Alibaba reports consistent revenue growth for the first time

Shares in the Chinese tech and e-commerce giant jumped more than 6% in New York premarket trading on Thursday. Its shares in Hong Kong closed up 5.2% earlier.

The popularity came despite the company reporting nearly 205.6 billion yuan (about $30.4 billion) in revenue for the quarter ended June, roughly in line with what was recorded at the same time last year. .

But it beat analysts’ forecasts, and net income also beat expectations at 22.7 billion yuan ($3.4 billion).

Alibaba (BABY)which owns the hugely popular online shopping platforms Taobao and Tmall, has not been immune to economic woes. Covid-19 lockdowns in China earlier this year.

The company said its retail sales plummeted in April and May, especially as Shanghai and other major Chinese cities faced devastating pandemic restrictions that have sapped consumer demand and created logistical nightmares.

But business has rebounded since June, especially “as the logistics and supply chain situation gradually improved following the easing of Covid restrictions,” CEO Daniel Zhang said.

Alibaba shares in Hong Kong fall after US delisting threat
In a conference call Thursday, Zhang said the company saw glimpses of recovery in categories such as fashion and electronics. swipe previously.

Although growth has all but stalled, Zhang tried to improve on recent results, noting that the company has weathered “mild economic conditions” to “ensure stable earnings.”

However, he warned that the road ahead was rocky, pointing to broader economic risks.

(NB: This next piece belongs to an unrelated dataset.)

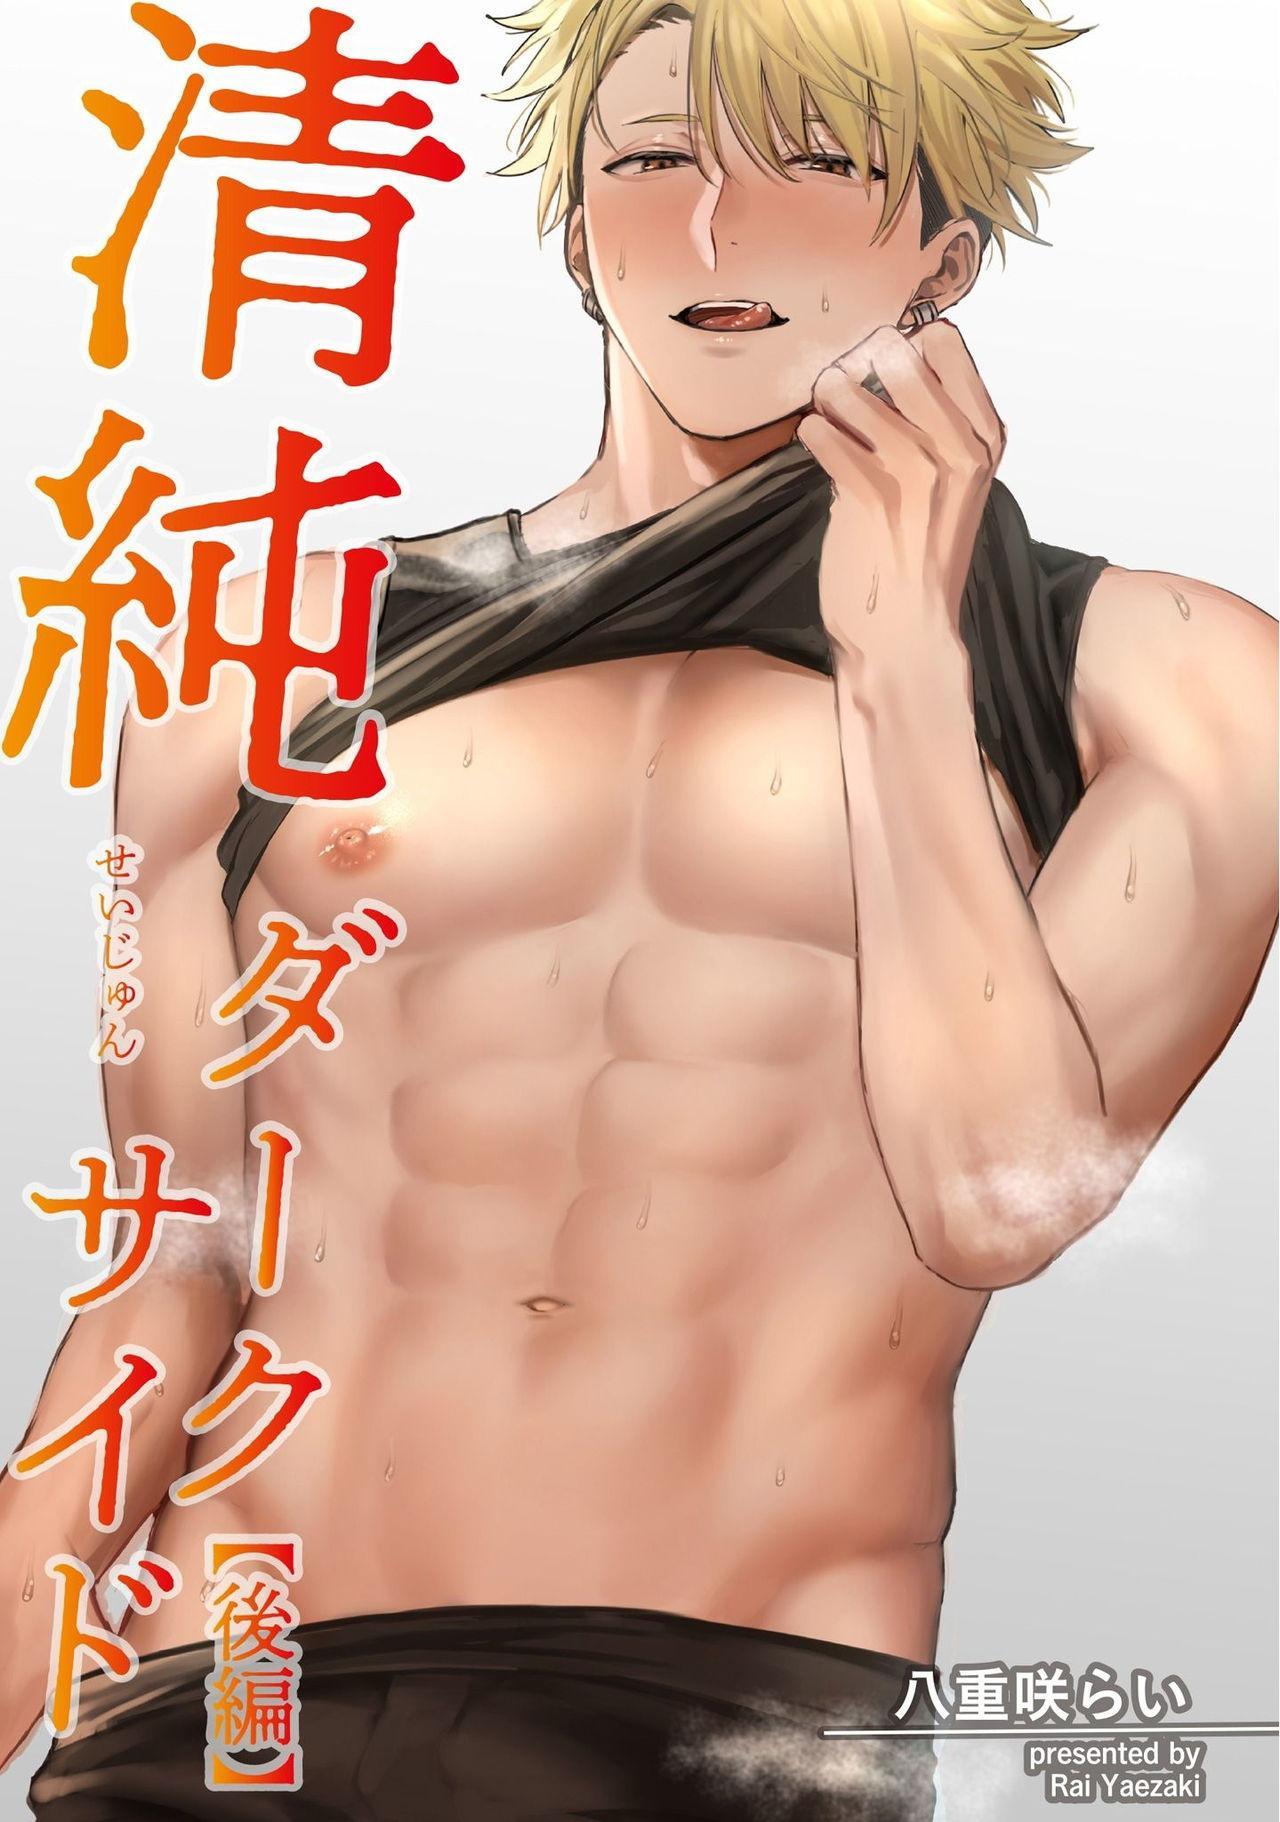 Seijun Dark Side Zenpen   清纯阴暗面 前篇+后篇 34

“External uncertainty, including but not limited to international geopolitical dynamics, the resurgence of Covid, China’s macroeconomic policies and social trends, is beyond what we as a company can influence,” Zhang told analysts.

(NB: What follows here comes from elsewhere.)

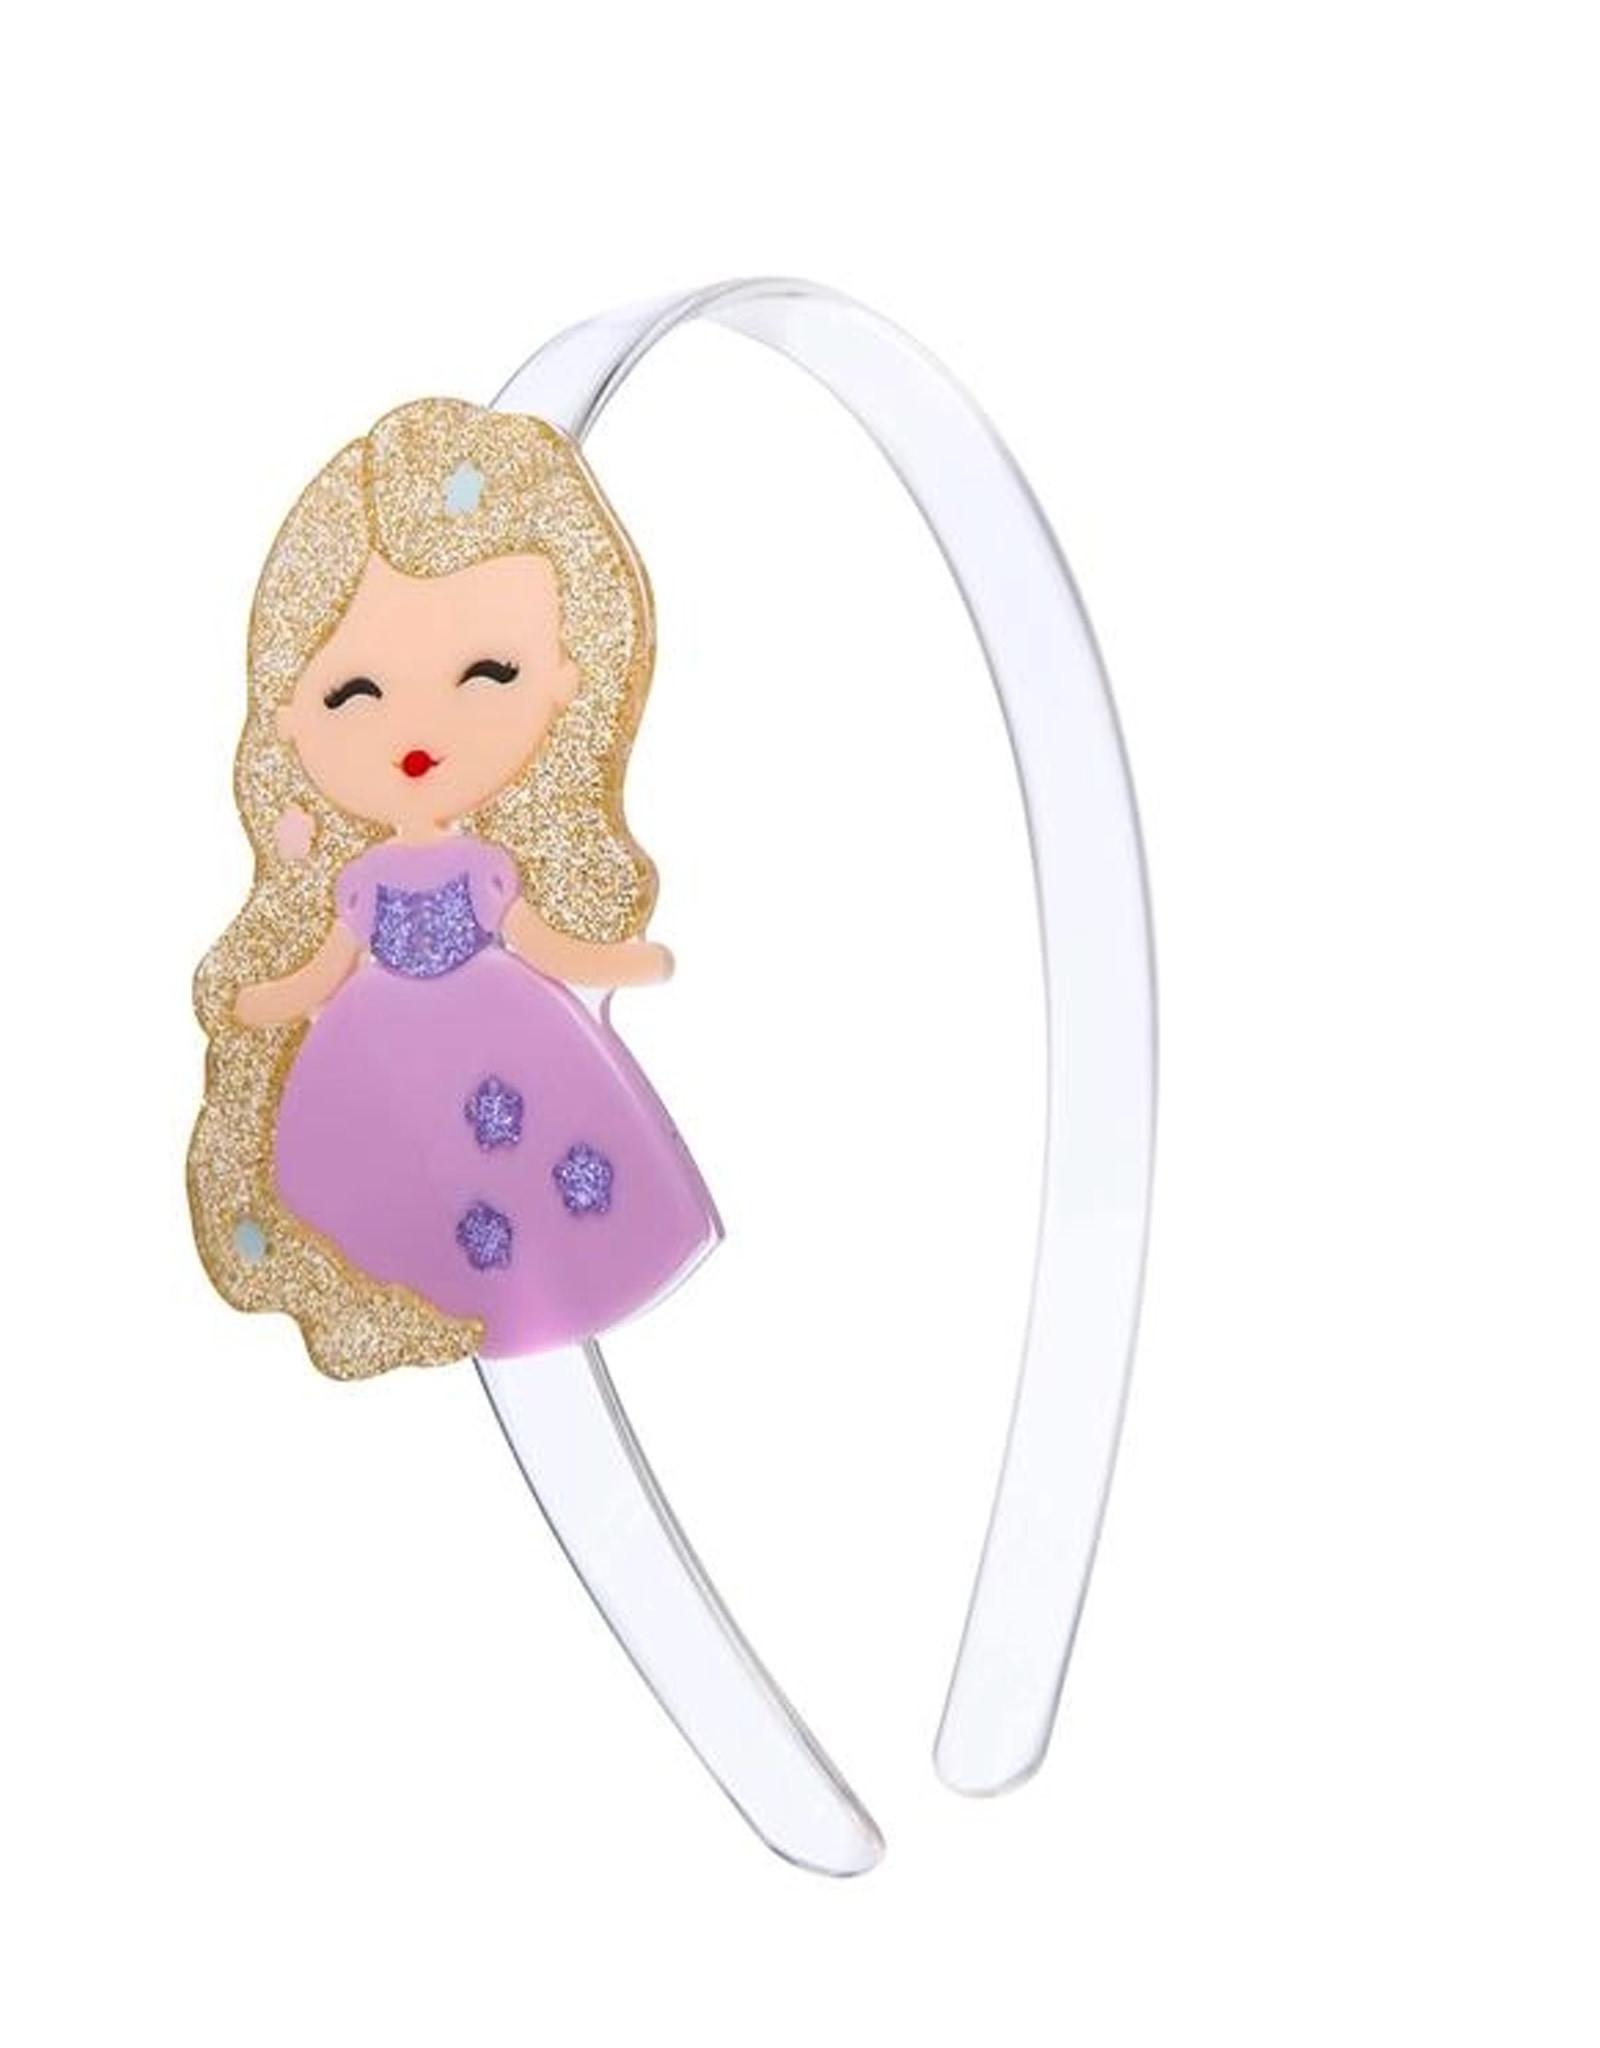 Lillies & Roses Headband Cute Doll w/ Long Hair

“The only thing we can do at the moment is focus on improving ourselves,” he said, adding that Alibaba has focused on cutting losses for businesses such as supermarkets and food delivery units.

But Alibaba has been running into bigger problems lately, especially after adding it to the key watch list of the US Securities and Exchange Commission last Friday. Like other Chinese firms, the move puts the tech titan at risk of being kicked off Wall Street if U.S. auditors fail to fully audit its financial statements.
Alibaba shares jump after Hong Kong listing announcement

Alibaba has long had a primary listing in New York, where its shares are trading after a massive IPO in 2014.

Now he seems to be spreading his bets. Company last week announced plans to modernize secondary listing in Hong Kong to the original listing. The change could come later this year and give more Mainland Chinese investors access to the shares.

It comes just as one of Alibaba’s biggest longtime backers is stepping back.

Financial Times announced on Thursday that SoftBank (SFTBF) “sold more than half” of its holdings in a Chinese company, citing forward sales documents seen by the newspaper.

SoftBank did not immediately respond to a request for comment.